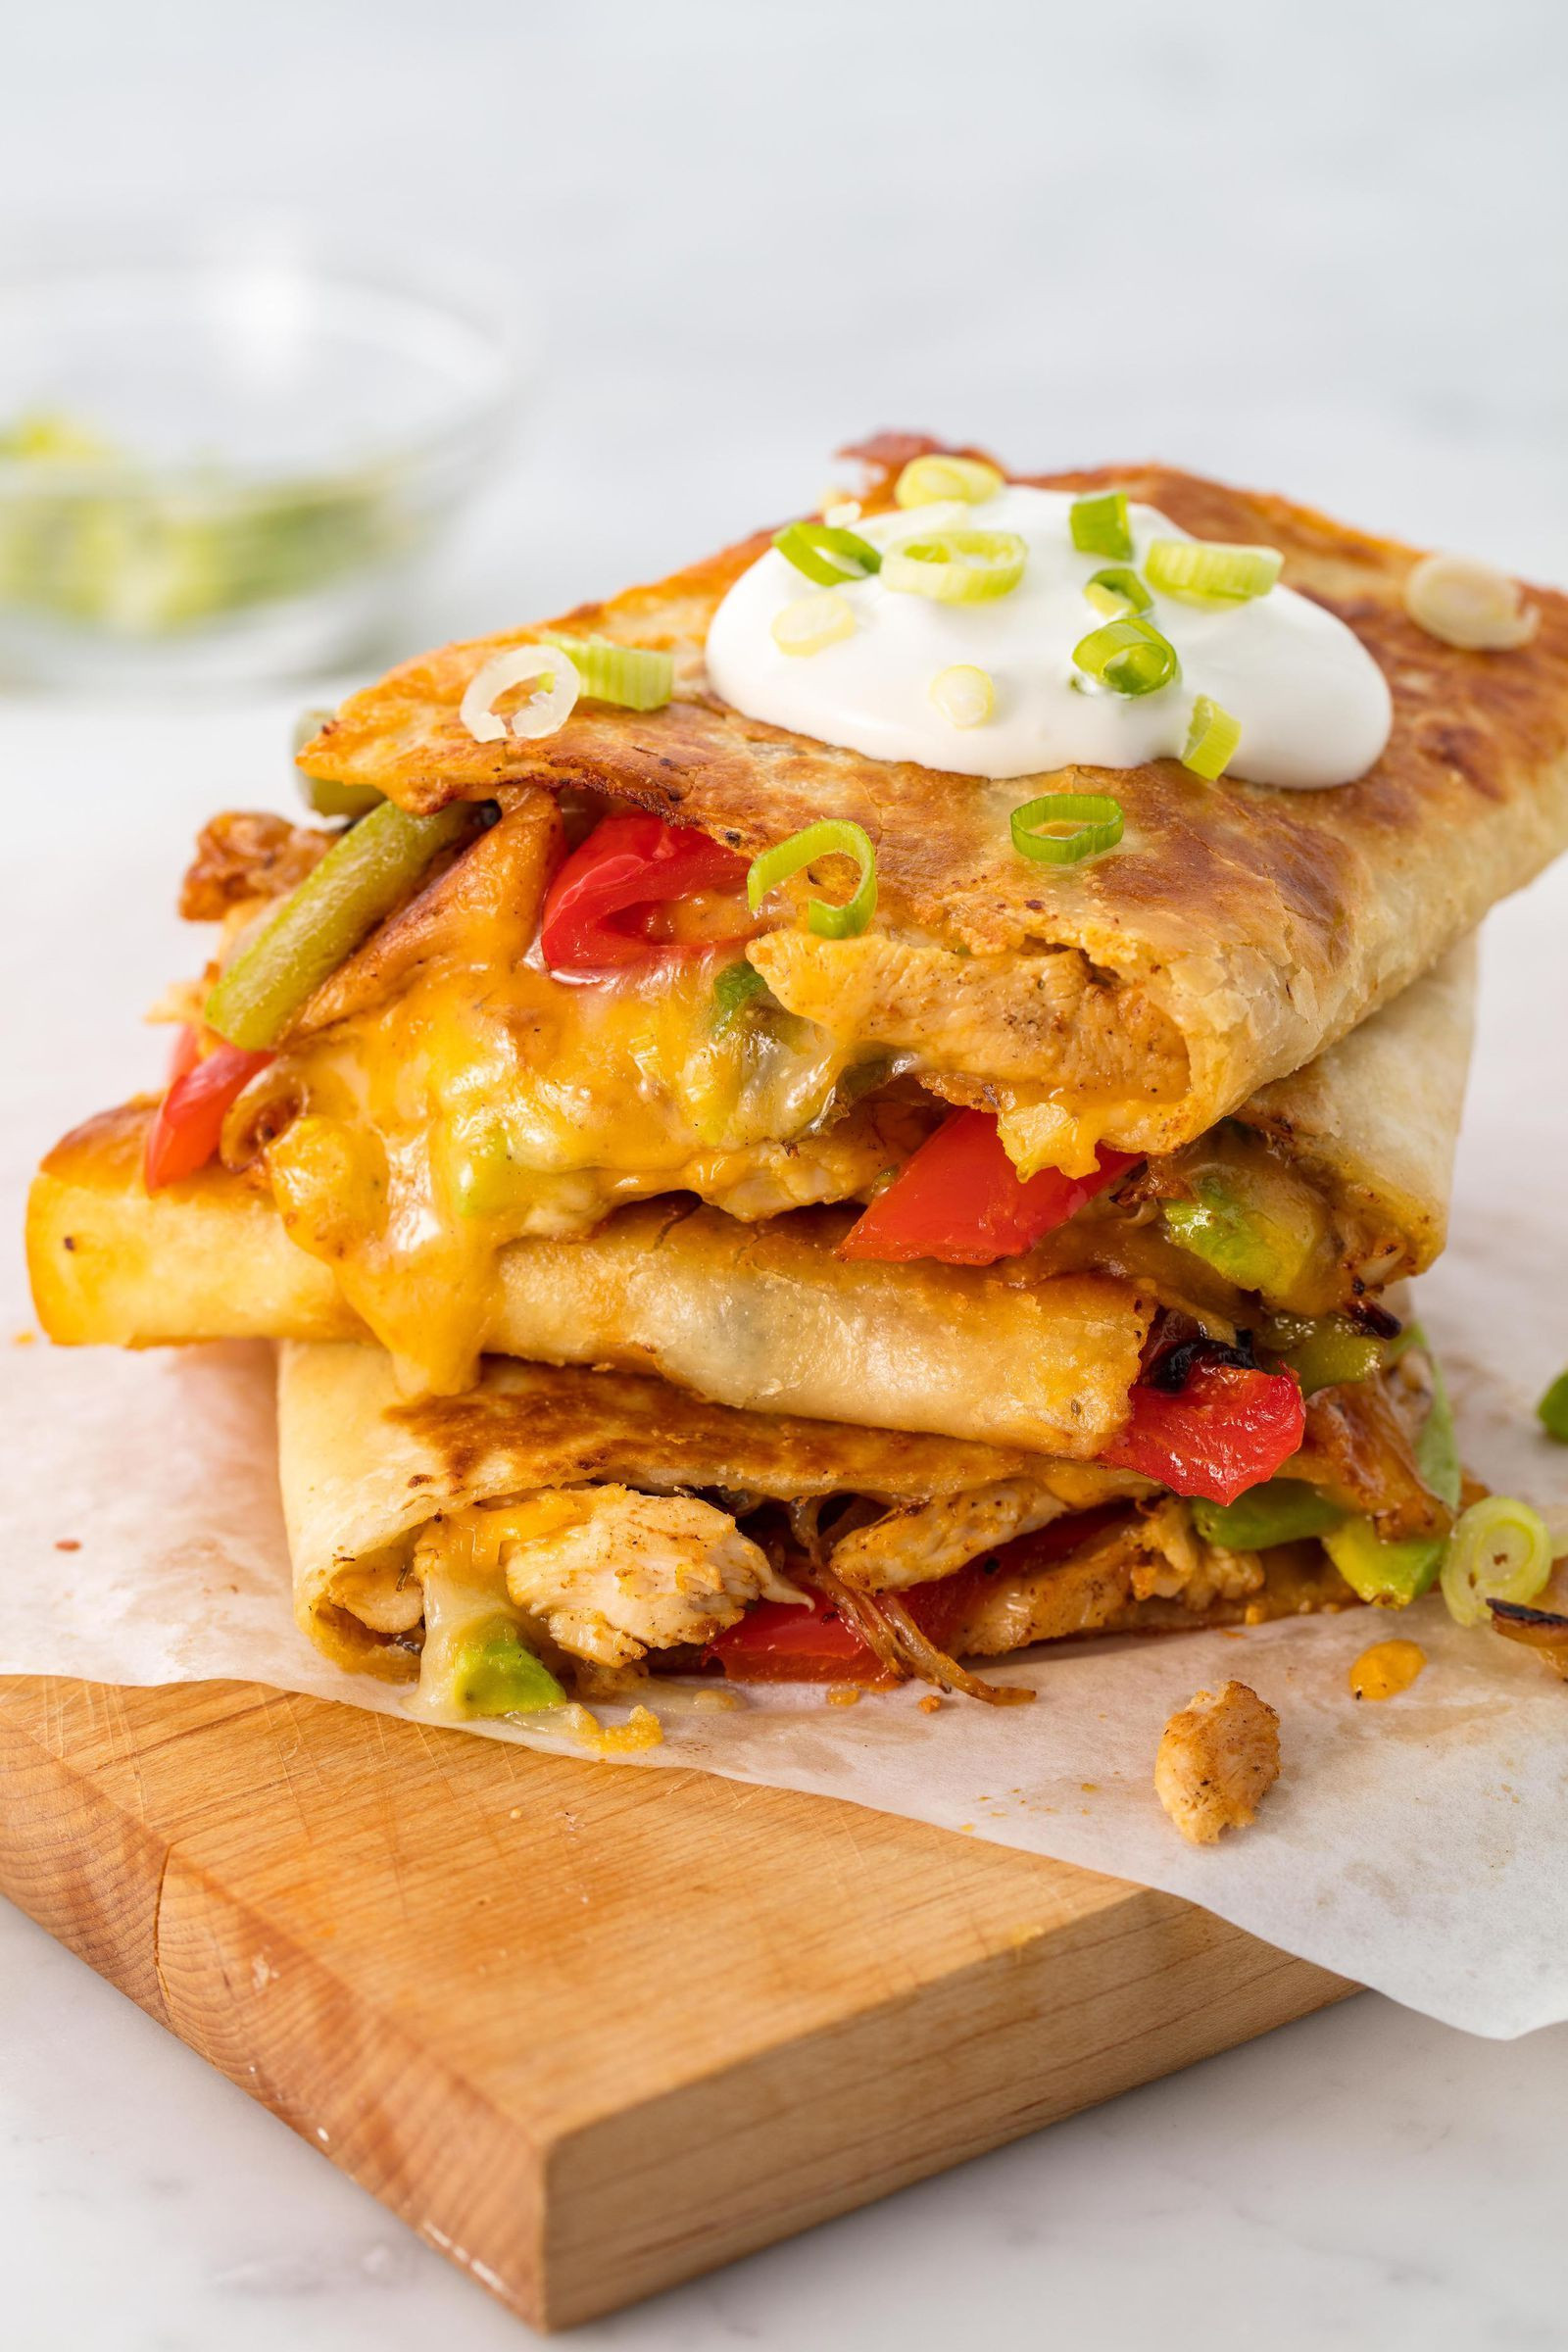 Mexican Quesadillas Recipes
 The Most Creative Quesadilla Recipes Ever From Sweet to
--
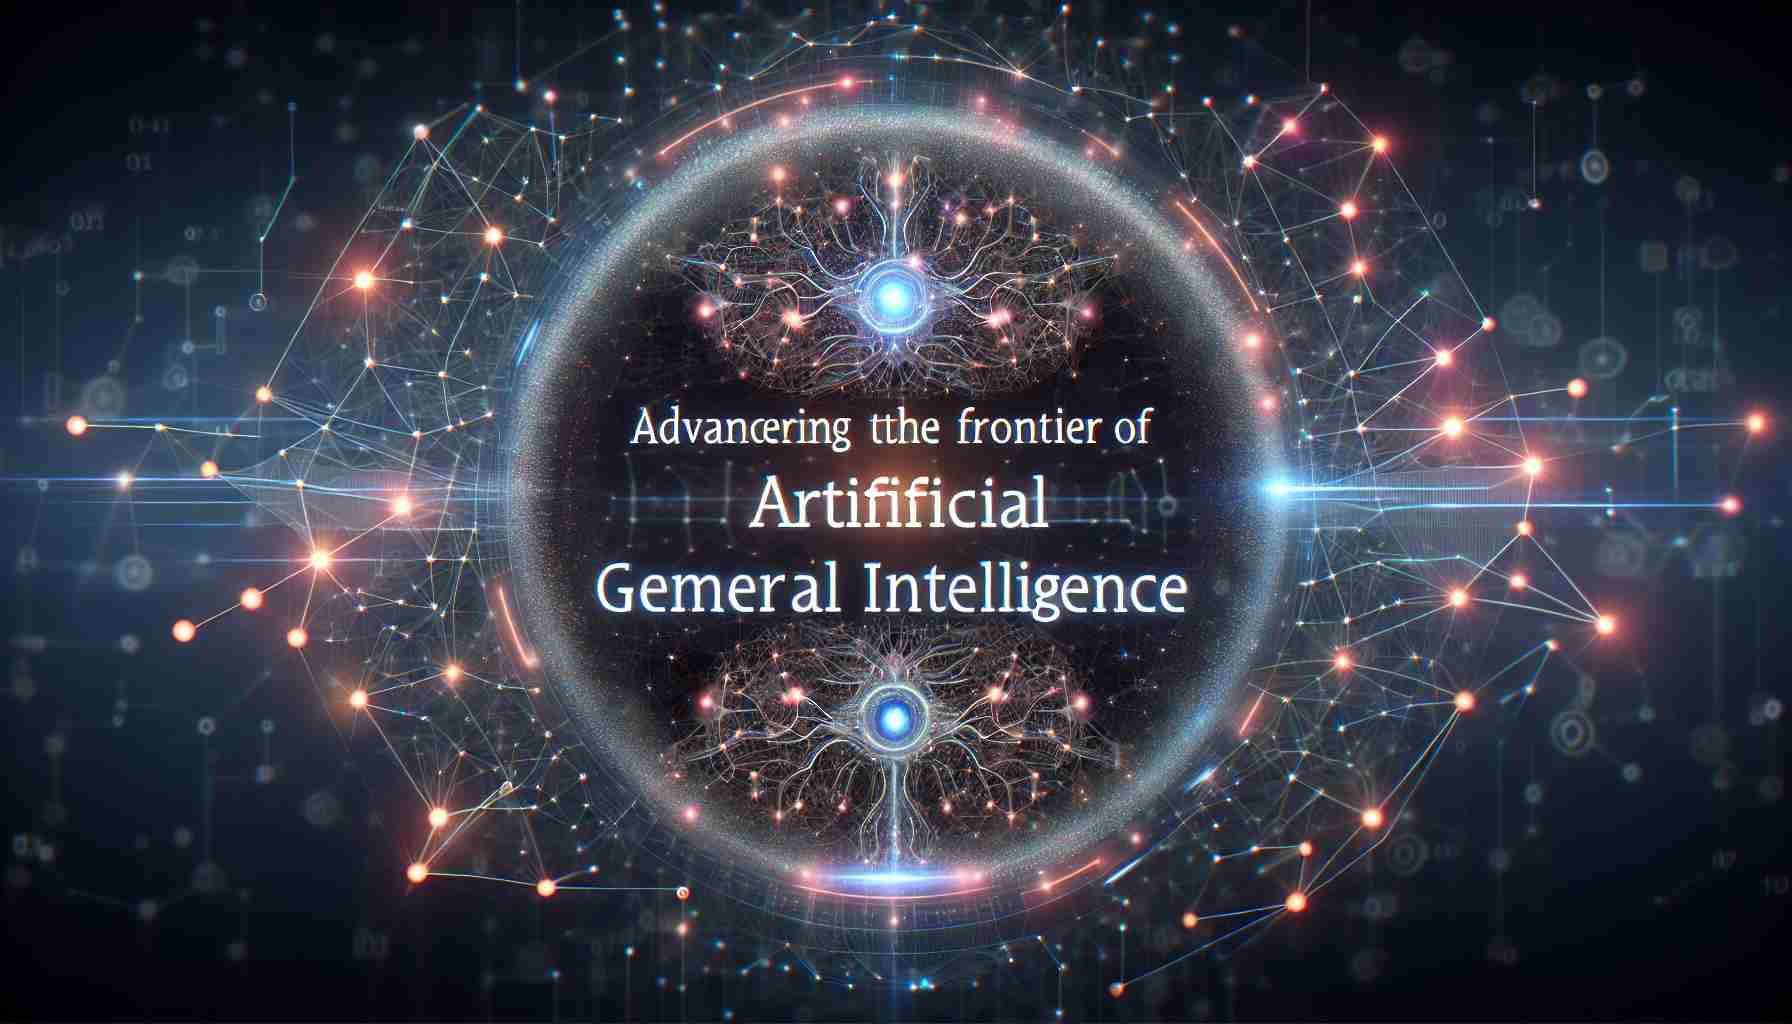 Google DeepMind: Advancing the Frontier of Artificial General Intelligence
...
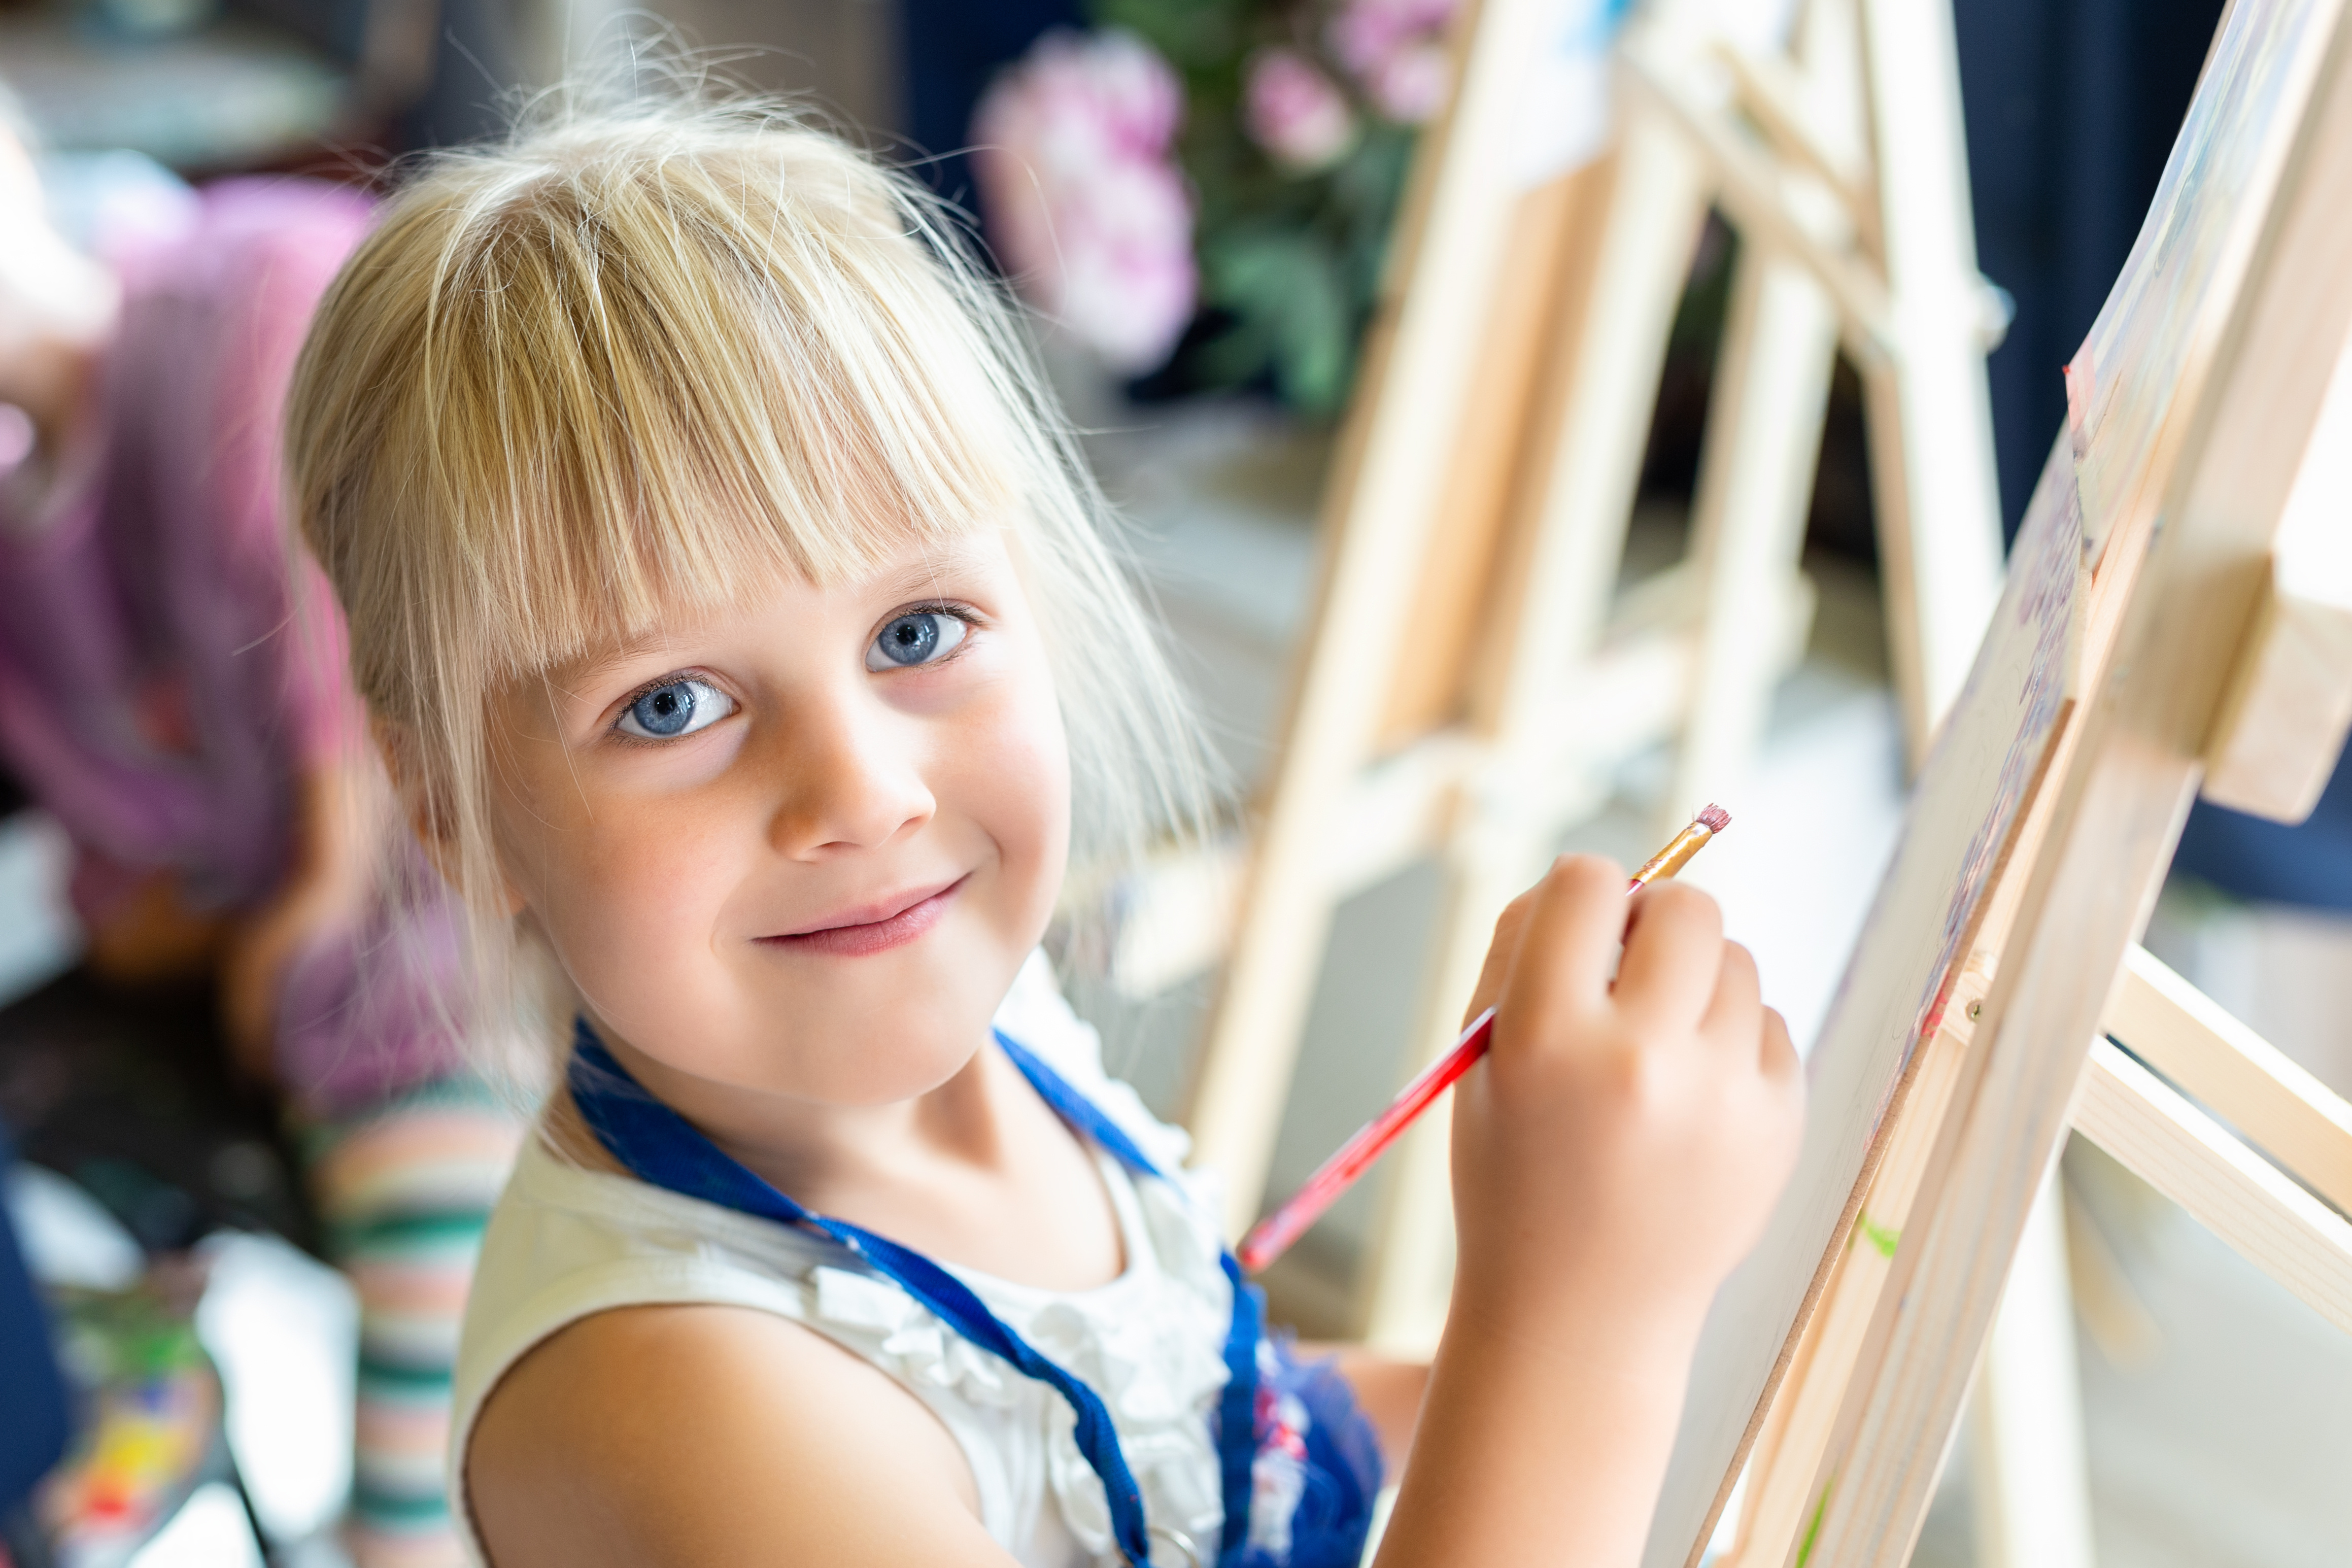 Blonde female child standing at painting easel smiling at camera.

### WORK TO COMPLETE
From the records above, copy exactly the stretch from the line holding "Mexican Quesadillas Recipes" through the line holding "The Most Creative", both ends included, without the pictures.

### SOLUTION FOR THIS PROBLEM
 Mexican Quesadillas Recipes
 The Most Creative Quesadilla Recipes Ever From Sweet to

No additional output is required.